Nonostante le stesse indicazioni dell’Organizzazione mondiale della Sanità che andavano in tutt’altra direzione, affermando che sarebbe stato inutile. Affermazioni risultate profondamente errate. La Lombardia non fece questo tipo di operazioni, e risultò profondamente impreparata. La mancanza di tamponi ha impedito di testare asintomatici e persino persone con sintomi gravi.
Lo scoppio epidemico e i diversi momenti del coronavirus
Una volta scoppiata la bomba epidemica, gli ospedali divennero trincee con le quali affrontare in prima linea la guerra contro il coronavirus. Medici e operatori parlano di giornate profondamente tragiche, con numeri da fare sbiancare. Purtroppo, anche la sfortuna ha giocato la sua parte, e la situazione ha continuato ad aggravarsi ancora più.
Il coronavirus tuttavia in Italia ha attraversato tre momenti. L’arrivo del virus, l’istituzione delle zone rosse e la terza fase, quella in cui siamo ora, con una quarantena generalizzata e una situazione parzialmente sotto controllo dal punto di vista medico. Sicuramente meno dal punto di vista economico e sociale, e non sappiamo bene come evolverà la situazione prossimamente.

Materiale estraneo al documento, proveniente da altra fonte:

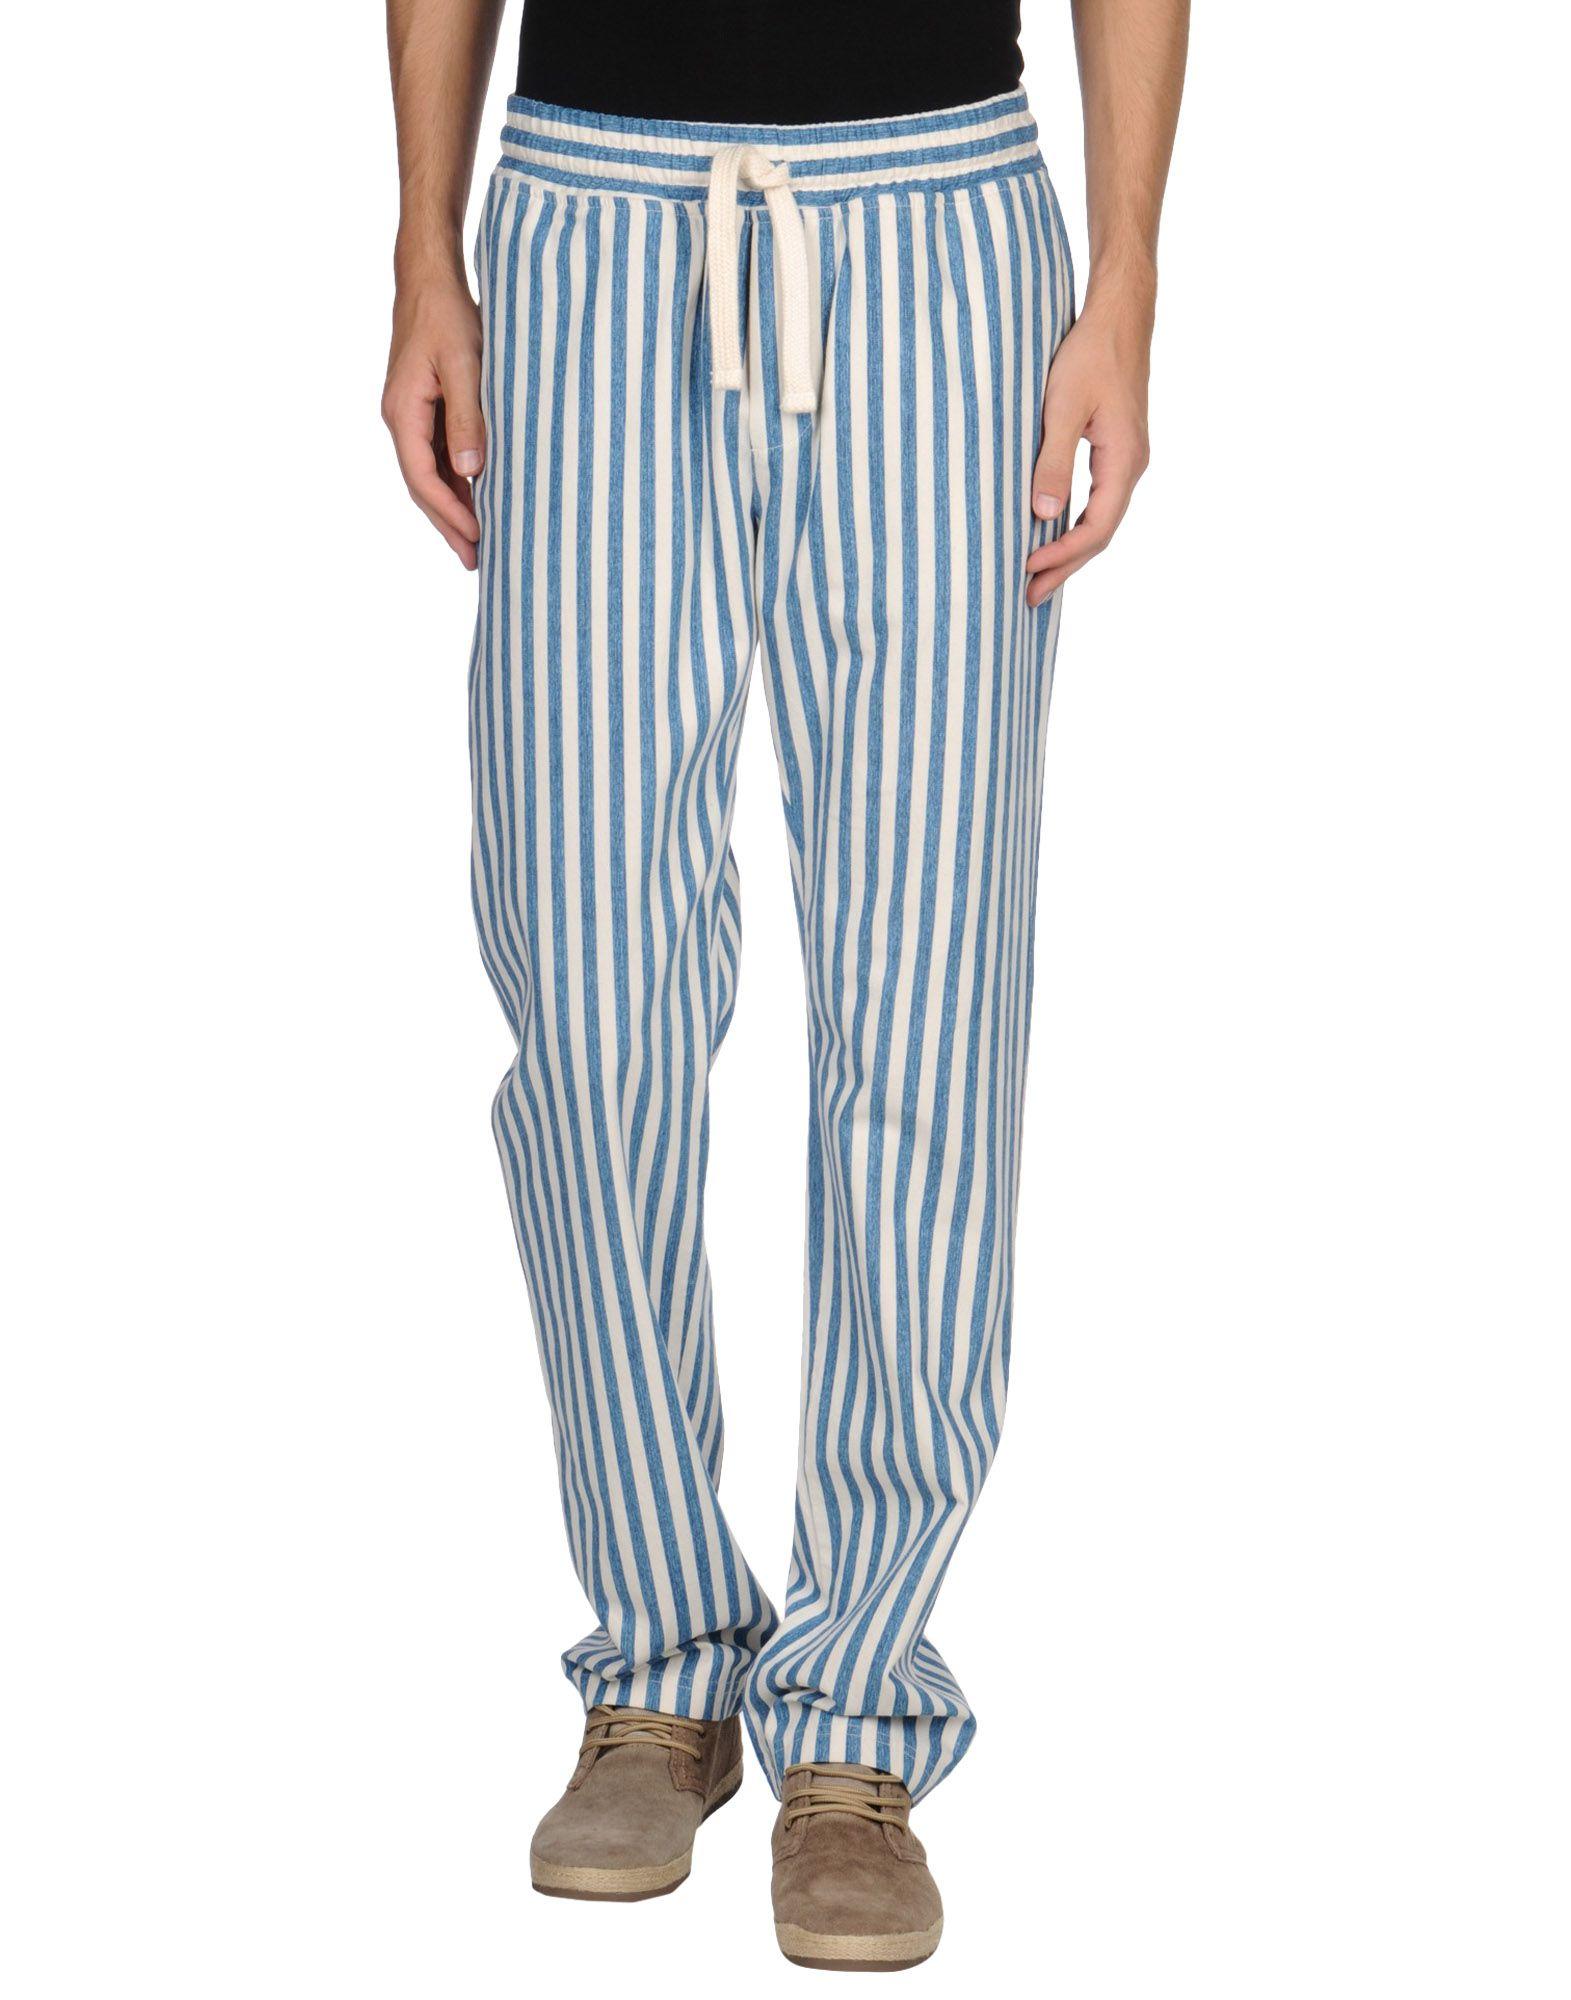 ALAIN Herren Jeanshose Farbe Azurblau Größe 6

Non conosciamo le colpe, ma speriamo che si impari
Non sapremo forse mai quanto ha inciso il caso, quanto i limiti umani, quanto la cattiva gestione dal punto di vista politico. Quanto siano stati segnanti i processi di ospedalizzazione, di modello sanitario. Tuttavia è forse presto dare giudizi, specie di fronte al male che prosegue giorno dopo giorno, ancora.
Tuttavia, la speranza è che si capisca dove si è sbagliato per poter affrontare meglio, d’oggi in poi, questo dramma che ci segnerà ancora molto a lungo.